There are a limited number of APIs available to NIC and DPU vendors (and users) to leverage hardware offloading capabilities offered by the kernel. Today these Kernel APIs include: TC, Netfilter, Switchdev and fdb_notifier.
DPU/NIC vendors that wish to enable and/or use hardware offload capabilities need to implement one or more of these API as part of their device driver and then follow a lengthy process to upstream their driver to the Kernel. Vendors (and users) are also limited by what these APIs have to offer. If their hardware supports more capabilities than what the APIs support, they must either find a way to extend the Kernel API (which may or may not be accepted upstream), or find another solution to leverage these capabilities which typically includes maintaining an out of tree driver alongside any additional software to support NIC/DPU management.
The goal of this POC is to explore an alternative method that can work alongside the Kernel APIs to enable users to take full advantage of the Hardware capabilities offered by the NICs or DPUs.
The purpose of the POC is to explore if hardware offload enablement can be decoupled from kernel driver development. There are multiple mechanisms to evaluate that could each contribute to an overall solution for configuring and using NIC/DPU hardware offloads with minimal driver development.
- Can netlink listeners be used to enable an offload path entirely in user space.
- Can eBPF be used to extend the offload functionality of kernel drivers
- Can eBPF be used to provide a notification path to user space for kernel notifiers.
- Can eBPF be used to enable new types of kernel offload beyond the current scope of what Kernel offload APIs support
If offload processing can be moved outside of the kernel then it would be possible to use vendor libraries from user space to do the hardware programming.
The following document provides an overview of the offload APIs the kernel uses to talk to drivers and the ways that BPF could be used to hook into those APIs from user space.
The primary mechanism we want to use for mirroring the kernel networking state is to listen to existing netlink notifications to learn the networking state and keep in sync with the kernel. Netlink will provide an accurate view of the configured state and should provide notifications about derived state. We expect there to be gaps in what netlink notifications provide so we will need to consider:
- Pushing patches upstream to fill the netlink gaps (slow and not guaranteed to be accepted)
- Using BPF kprobes to provide an additional notification stream
A significant gap when using netlink to mirror state is that stats need to flow in the opposite direction. Stats are normally collected by the kernel but stats for hardware offloaded flows are typically collected by drivers on demand when a netlink stats request is received. It will be necessary to hook in to the request for stats and populate the values using an out-of-band mechanism. We envisage using a BPF "firmware" program to populate the stats structures from data collected into BPF maps by a user space process. We need to explore the following approaches:
- Using BPF struct_ops as a way to attach a BPF program to the FLOW_CLS_STATS command in a netdev (implies UAPI changes which is discouraged)
- Using a combination of BPF kprobes and kfuncs to achieve the same thing (worse UX)

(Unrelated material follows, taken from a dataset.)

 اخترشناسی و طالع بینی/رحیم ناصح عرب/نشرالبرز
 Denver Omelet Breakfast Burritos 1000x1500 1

Another known gap with netlink notifications is that the kernel also uses notifiers to inform drivers about offloadable state. These notifiers include the switchdev notifier which is used to push MAC and VLAN offloads to drivers and the FIB notifier which is used to push L3 forwarding rules offloads to drivers. The proof of concept bpf-notifier uses BPF kprobes that attach to the notifiers to send the notifications to user space via BPF ring buffers.
The previously discussed offload methods are passive, either listening to netlink notifications entirely in user space or using kprobes to eavesdrop the notifiers and pass the notifications on to user space.
A more active approach to extending hardware offload would be to provide explicit hooks where BPF programs implement the hardware offload APIs on behalf of a driver. The offload mechanism could be one of:
- Passing the offload request to user space where it can be fulfilled asynchronously.
- Using kfuncs to directly implement the offload within the driver (security / sandbox limitations are unknown)
This method of using BPF firmware for drivers is attractive because it decouples offload feature development from the upstream kernel development and release life cycle. It is also an explicit integration with the kernel offload APIs that gives the kernel visibility of success or failure.
TODO
In phase 1 we propose to investigate a minimum viable product:
- Netlink notifications for mirroring networking state to the DPU hardware.
- Implement BPF struct_ops for the flow offload API and use it to integrate hardware stats collection into a driver.
The proof of concept implementation can be done in the netdevsim driver which exists to test driver APIs without requiring any hardware.
In phase 2 we propose to investigate using BPF firmware to implement hardware offloads from within a driver:
- Extend the struct_ops from phase 1 to add hardware offload operations
- Investigate using BPF kfuncs to implement the hardware control part of the offload mechanism.
In phase 3 we propose to investigate enabling entirely new types of offload without needing to upstream new APIs into the kernel.